Awana Westbrook says she's thankful that her brother-in-law, Shelby Foster Westbrook, shown in the photo, will finally be honored with other surviving members of the Tuskegee Airmen in Washington today. Mr. Westbrook, who lives in Chicago, graduated from Toledo's Libbey High School. Mrs. Westbrook was married to Mr. Westbrook's older brother, Lloyd, who died in 1996.
Libbey High School graduate Shelby F. Westbrook will join other surviving members of the Tuskegee Airmen when the group is honored today with the Congressional Gold Medal in the Rotunda of the U.S. Capitol.
Mr. Westbrook, who graduated from Libbey in 1939, will be one of 350 Tuskegee Airmen in attendance, said Awana Westbrook, his sister-in-law, who lives in Toledo.
The Congressional Gold Medal is the highest civilian award bestowed by Congress.

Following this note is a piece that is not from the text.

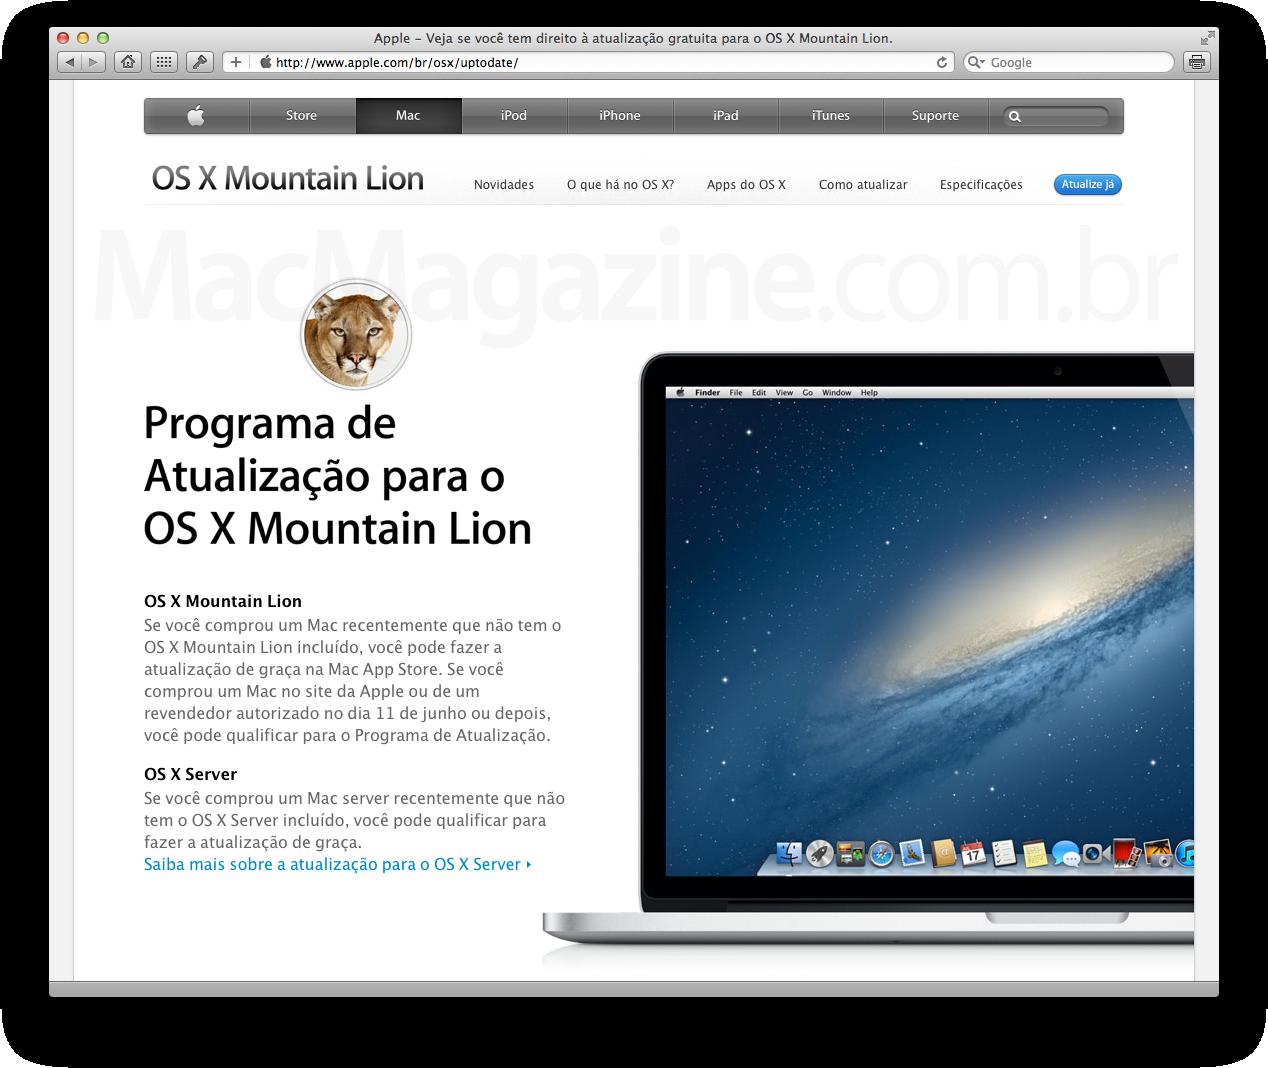 Formulário do Programa de Atualização para o OS X Mountain Lion

The award must be cosponsored by at least two-thirds of the House.
Mr. Westbrook, 85, who's lived in Chicago since retiring from the Army, was part of the elite all-black unit that protected American and Allied bombers on missions. The airmen were credited with destroying 261 aircraft and damaging 148 planes.
"We are so thankful that they are finally being honored," Mrs. Westbrook said. "They've been trying for a long time to be recognized for the things they did."

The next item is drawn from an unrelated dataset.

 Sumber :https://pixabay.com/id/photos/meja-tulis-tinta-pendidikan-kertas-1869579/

Mrs. Westbrook said she was married to Mr. Westbrook's older brother, Lloyd, who died in 1996. She said the younger Mr. Westbrook was fascinated with flying. "As a child growing up, he loved airplanes," Mrs. Westbrook said. "We knew he would do something with airplanes. After the service, he tried to become a commercial pilot, but the black pilots were not allowed to have those jobs. He was actually told to go to Canada and he may get hired."
Shelby F. Westbrook
Mr. Westbrook trained at the Tuskegee Army Air Force Base in Alabama beginning in 1942. He flew missions over France and Italy. He won the Distinguished Flying Cross, the Presidential Unit Citation, and 15th Air Force Certificate of Valor.

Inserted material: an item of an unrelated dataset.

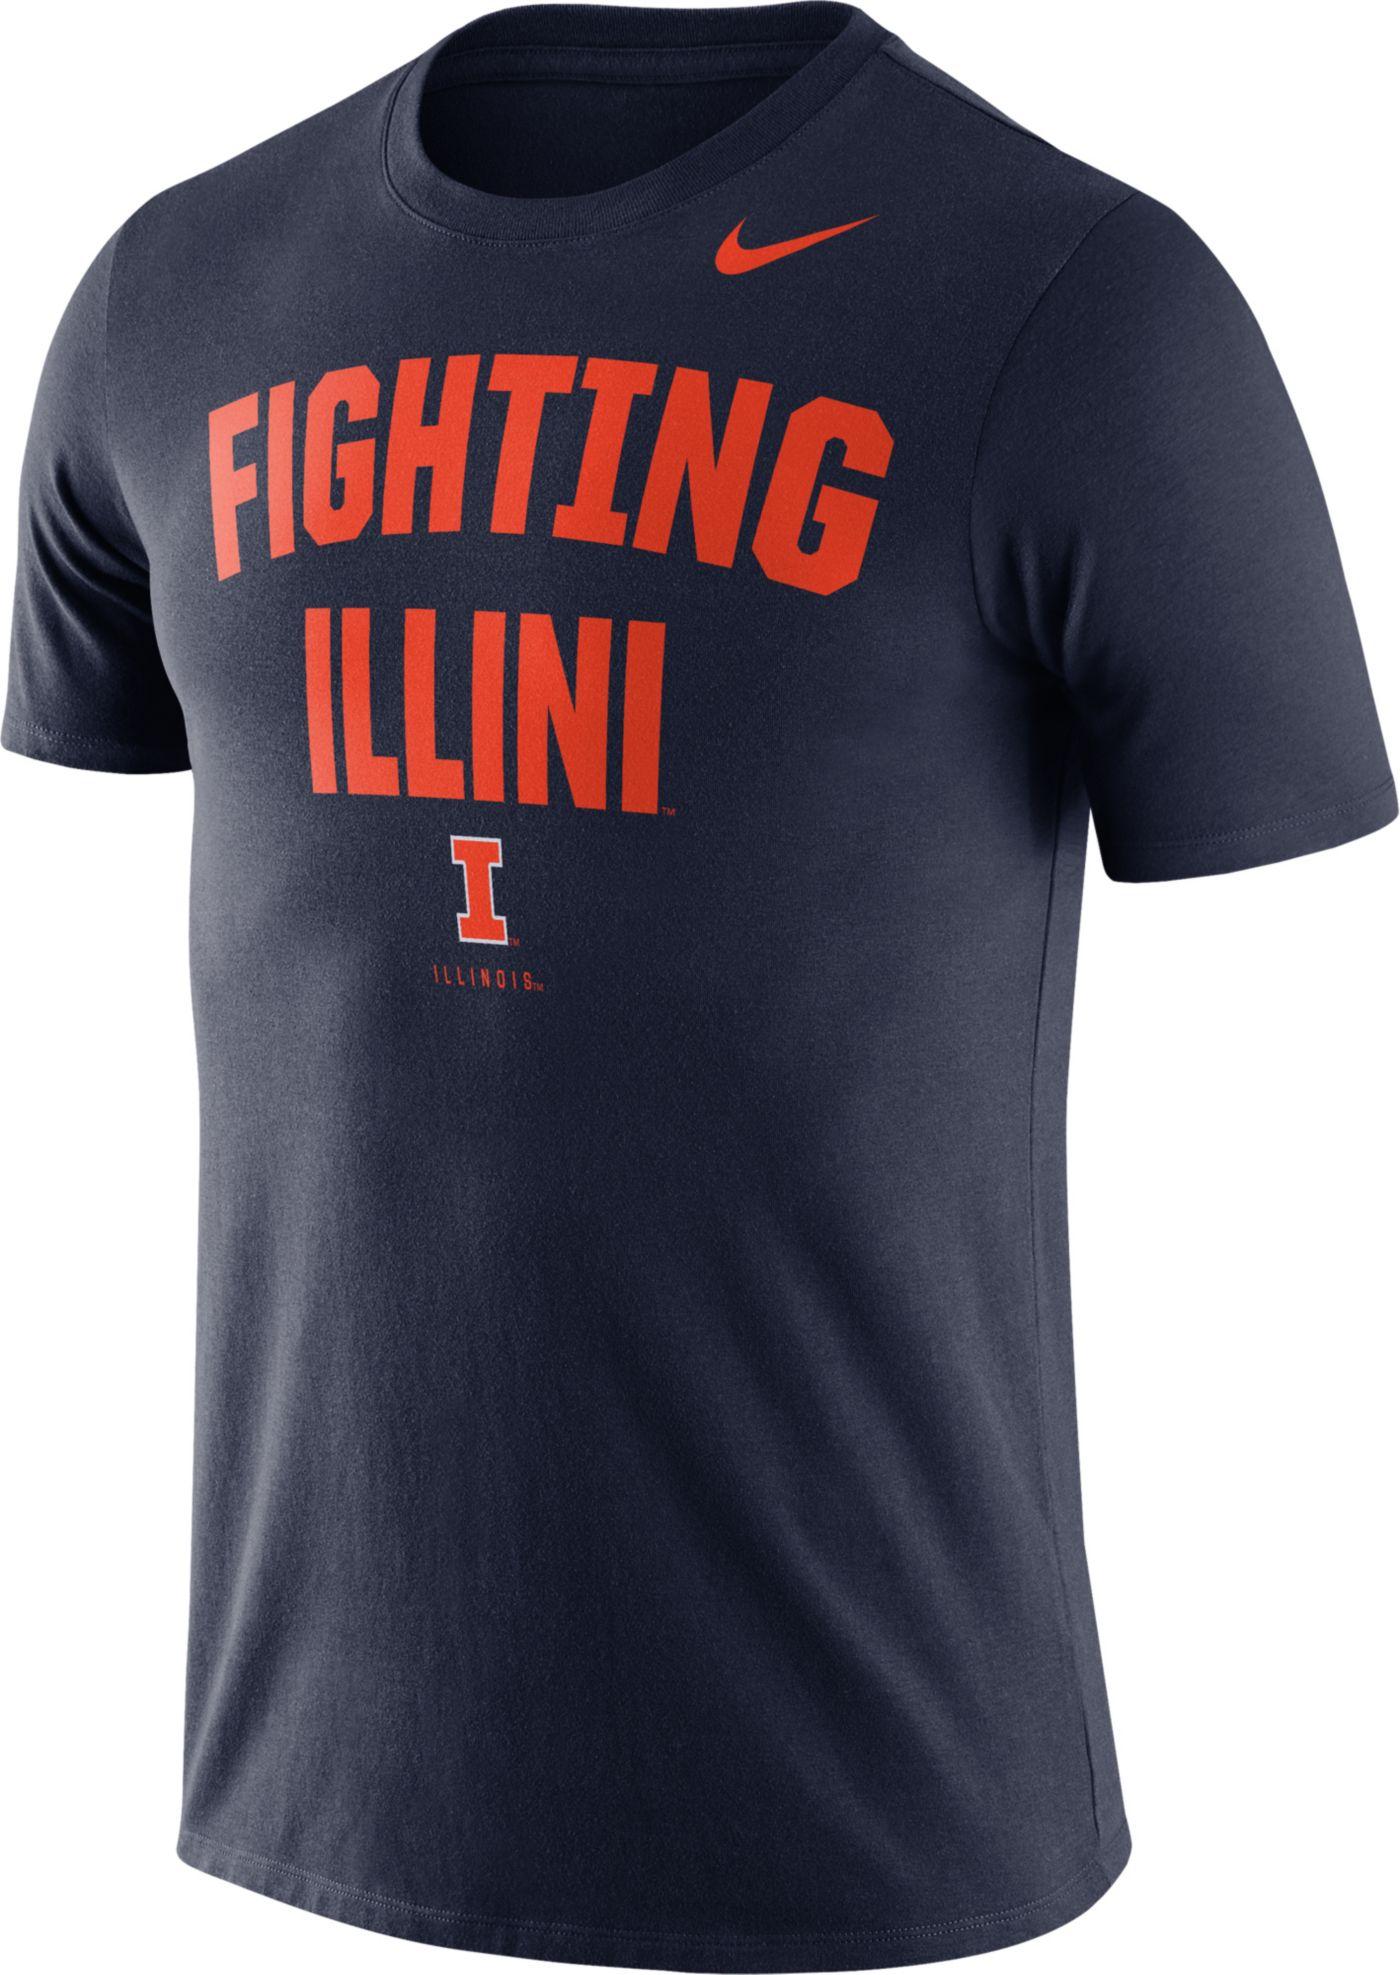 Nike Men's Illinois Fighting Illini Blue Dri-FIT Phrase T-Shirt

"They were very proud of their service," Mrs. Westbrook said. "He talked about what it was like trying to become the first black pilots and the things they had to overcome. He was never sorry about anything he ever did."
Nearly 1,000 black pilots graduated from the Tuskegee Institute by the time the last class graduated in 1946. The airmen long claimed they never lost a single bomber to enemy fighters, but in December two historians said that contrary to legend, the fighter pilots did lose at least a few bombers to fire from enemy aircraft.